To sum up, the thundra-lambda-warmup Lambda function can dramatically reduce your cold starts. However, keep in mind that it is not a complete fix, and there is no guarantee that there won't be any cold starts.
NOTE: Currently all agents (Java, Node.js, Python, Go, and .NET agents) have warm-up support.
See here for more details.

.Net Agent Specific Configurations

When enabling the warm-up functionality for your .Net Lambda functions using Thundra, make sure to implement the “IsEmpty” method when the “ISelfAware” class is extended to your Request object class.
For example, if your handler class extends the Thundra's Lambda Request Handler as shown below: public class HandlerClass : LambdaRequestHandler<GetAlbumRequest, Album> then you must extend “ISelfAware” in the GetAlbumRequest class.
using Thundra.Agent.Lambda.Core;
namespace dotnet
{
public class GetAlbumRequest : ISelfAware
{
public int id { get; set; }
public GetAlbumRequest()
{
}
public bool IsEmpty()
{
return id.Equals(0);
}
}
}

Non-Object Request

If you are passing something other than an object as a request (a string, for example), then you do not have to implement the IsEmpty method.
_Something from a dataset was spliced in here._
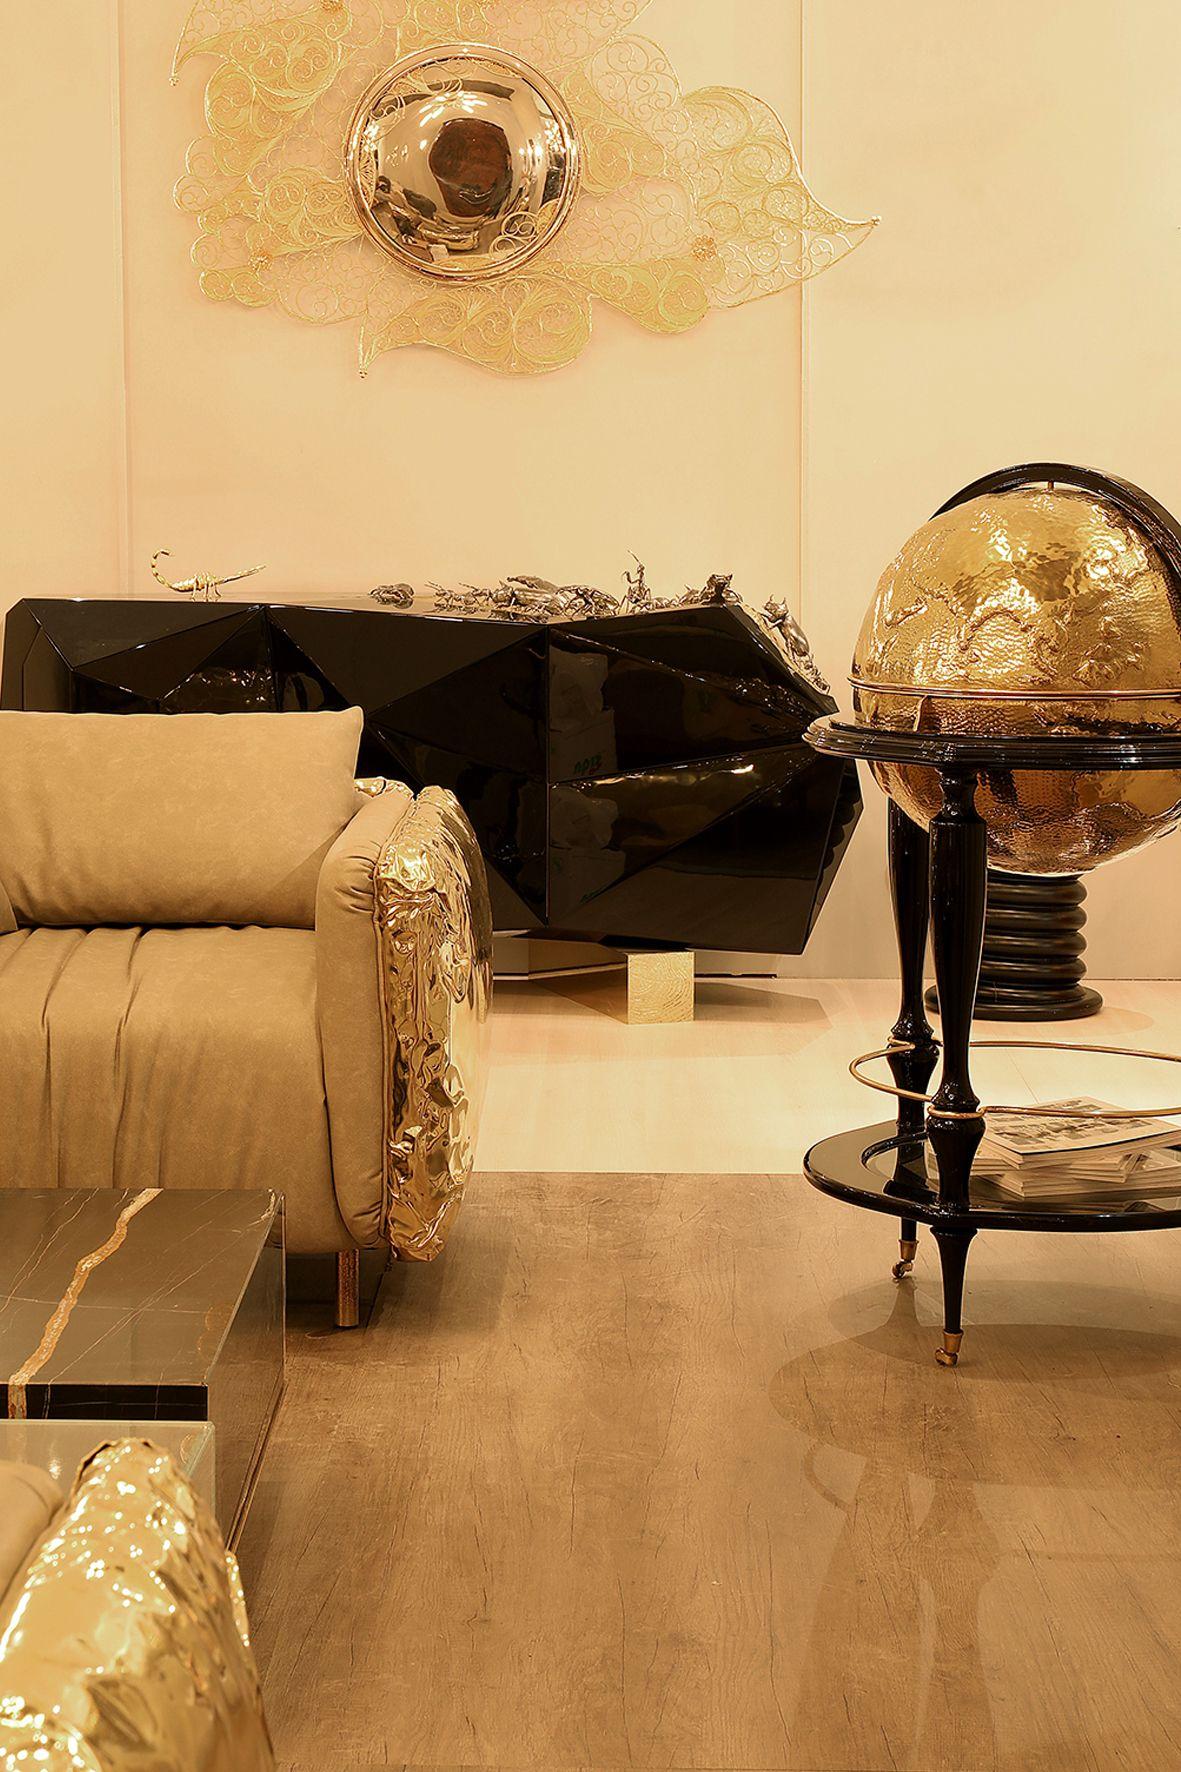 BOCA DO LOBO at Salone del Mobile 2017 | iSaloni 2017 #designinspiration #moderndesign #interiordesign #designhouse #curateddesign #furnituredesign #isaloni2017 #isalonimilano #isalonifurniture #isaloni #bocadolobo

The same goes for dealing with Stream handlers.

Fast Start-up for Java Lambda functions

Because Thundra originated from the JVM world, we provide a custom runtime to our users with Java. When you use this custom runtime (which can be found in our AWS Lambda Layer), we provide you an option for a fast start-up of your Lambda functions with Java runtime. This allows Java users to improve the start-up performance of their functions up to three times better than with a normal runtime. In order to enable fast-startup, you have two options:
  • Configuring Thundra Libraries: After you add Thundra Layer to your function and set the runtime to the custom runtime, all you need to do is set the environment variable with the name thundra_agent_lambda_jvm_optimizeForFastStartupto true. More detailed information can be found here.
  • Instrumenting from Thundra Web Console: If you already installed our AWS integration, you can instrument your Java functions with the fast start-up mode from the Thundra console with only one click. Thundra will make all the necessary arrangements for you.